Since copper sulfate is an algicide, consideration must be given to dissolved oxygen in a pond to be treated. If a pond already has low dissolved oxygen, an alternate treatment should be used. Copper sulfate will only aggravate low dissolved oxygen problems by killing the primary source of oxygen (the algae) and by adding a large biological oxygen demand in the form of dead and decomposing algae.

e) Formalin-F -- Formalin-F (formalin) is approved for use in the treatment for a number of external parasites. It is commonly used as an indefinite pond treatment at 15 milligrams per liter (mg/L). Formalin will remove 1 mg/L dissolved oxygen for every 5 mg/L of formalin used as a treatment. Therefore, if dissolved oxygen concentration in a pond is low, aeration must be provided or a different treatment should be used. Formalin must not be stored at temperatures below 40 F because it will form very toxic paraformaldehyde at low temperatures.

f) Potassium Permanganate -- Potassium permanganate (KMnO4) is approved for use in aquaculture as an oxidizer and detoxifier and has been used effectively against a number of external disease organisms of fish. The normal treatment is 2-8 milligrams per liter (mg/L), depending upon the amount of organic matter in the pond to be treated. Ideally, one would like to maintain a "wine red" color in the water for a 12 hour period to ensure an effective treatment. A preliminary bioassay can be performed with a small volume of culture water to determine the appropriate dose for the system.

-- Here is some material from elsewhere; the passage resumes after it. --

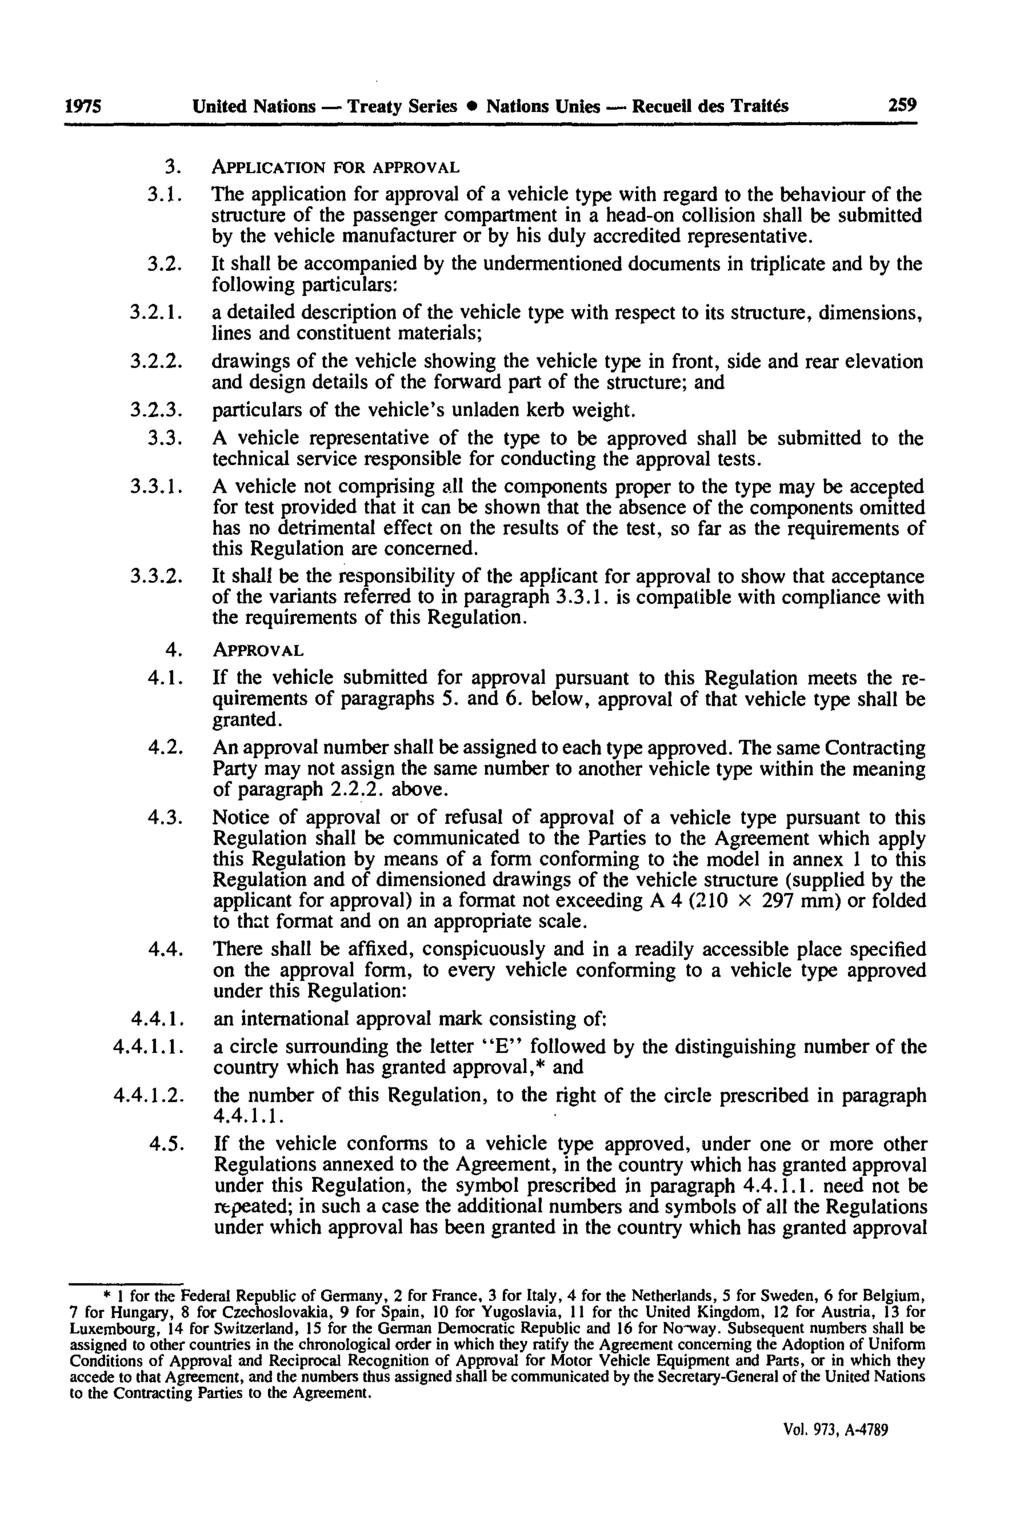 1975 United Nations Treaty Series Nations Unies Recueil des Traités 259 3. APPLICATION FOR APPROVAL 3.1. The application for approval of a vehicle type with regard to the behaviour of the structure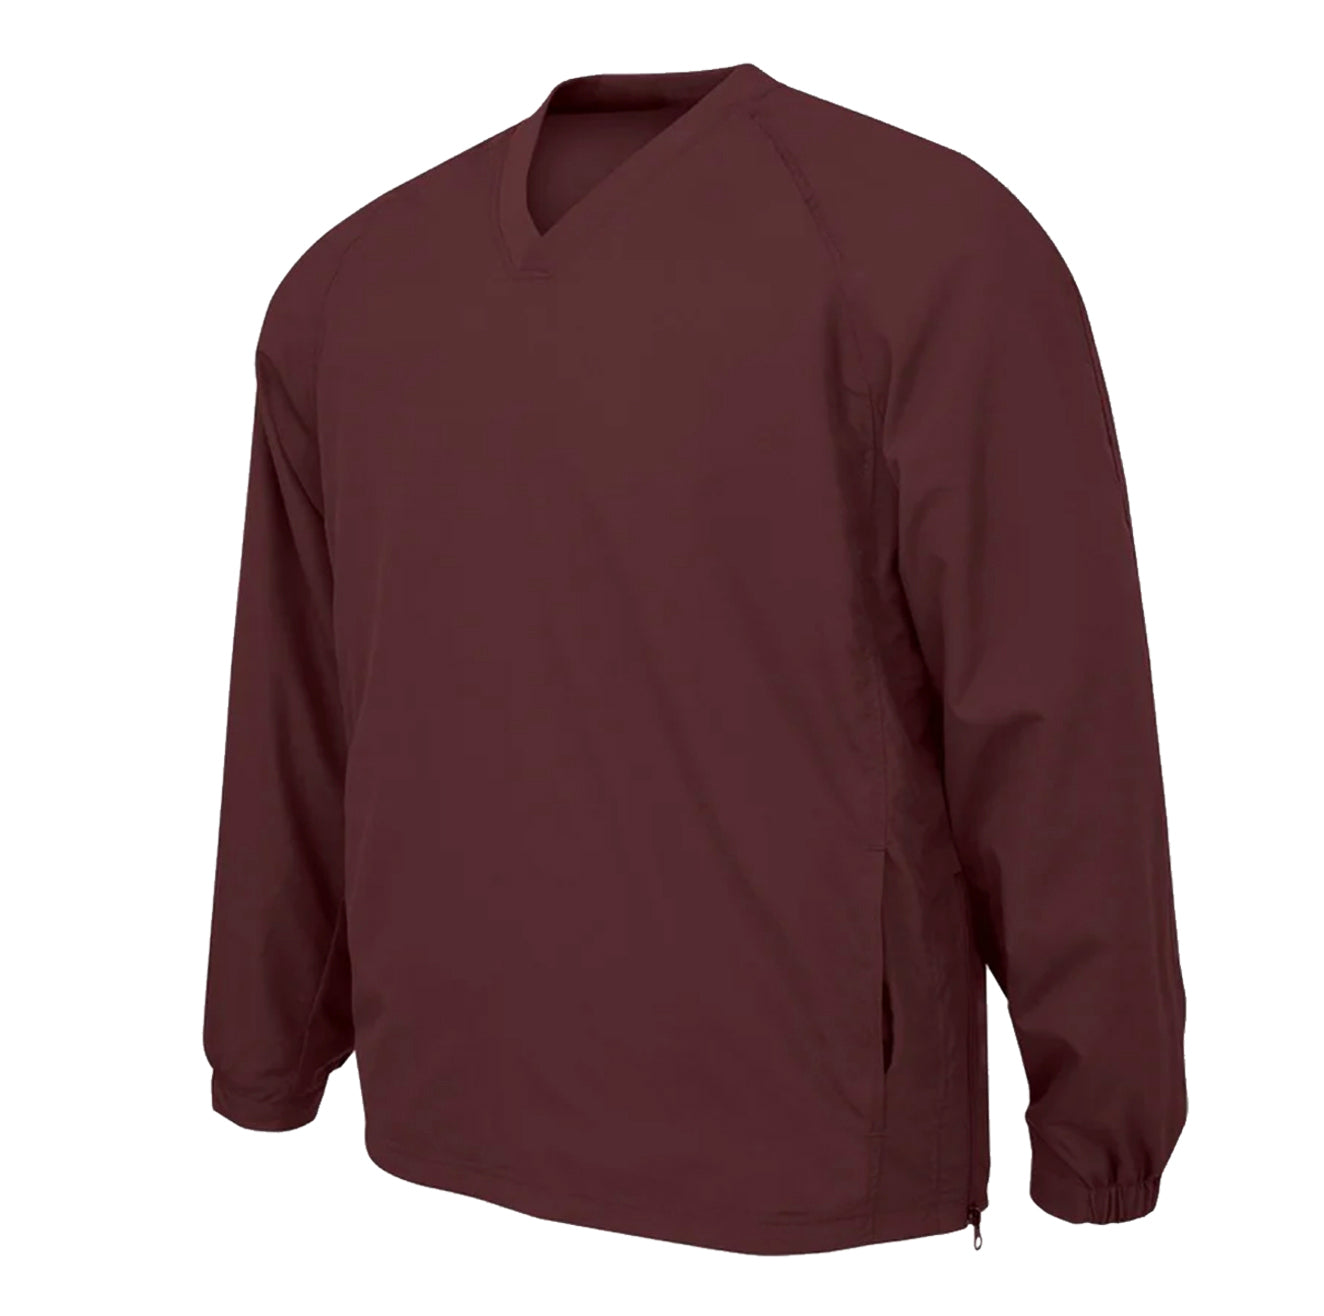 Spectrum Windshirt - Adult - Youth Sports Products

g) Sodium Chloride (Salt) -- Sodium chloride (NaCl) is approved for aquaculture use as an "osmoregulatory enhancer." Salt can change the osmoregulatory balance (water balance) of aquatic organisms. It can sometimes be used effectively to control external parasitic protozoans by placing them in a condition of severe osmoregulatory shock. Care must be exercised to avoid overtreatment which will place the fish in the same condition of osmoregulatory shock. Sodium chloride is used as a 0.5% to 1.0% concentration in water as an indefinite (long-term) treatment or as a 3% concentration in water for 10-30 minutes (or stop the treatment earlier if the fish show signs of stress).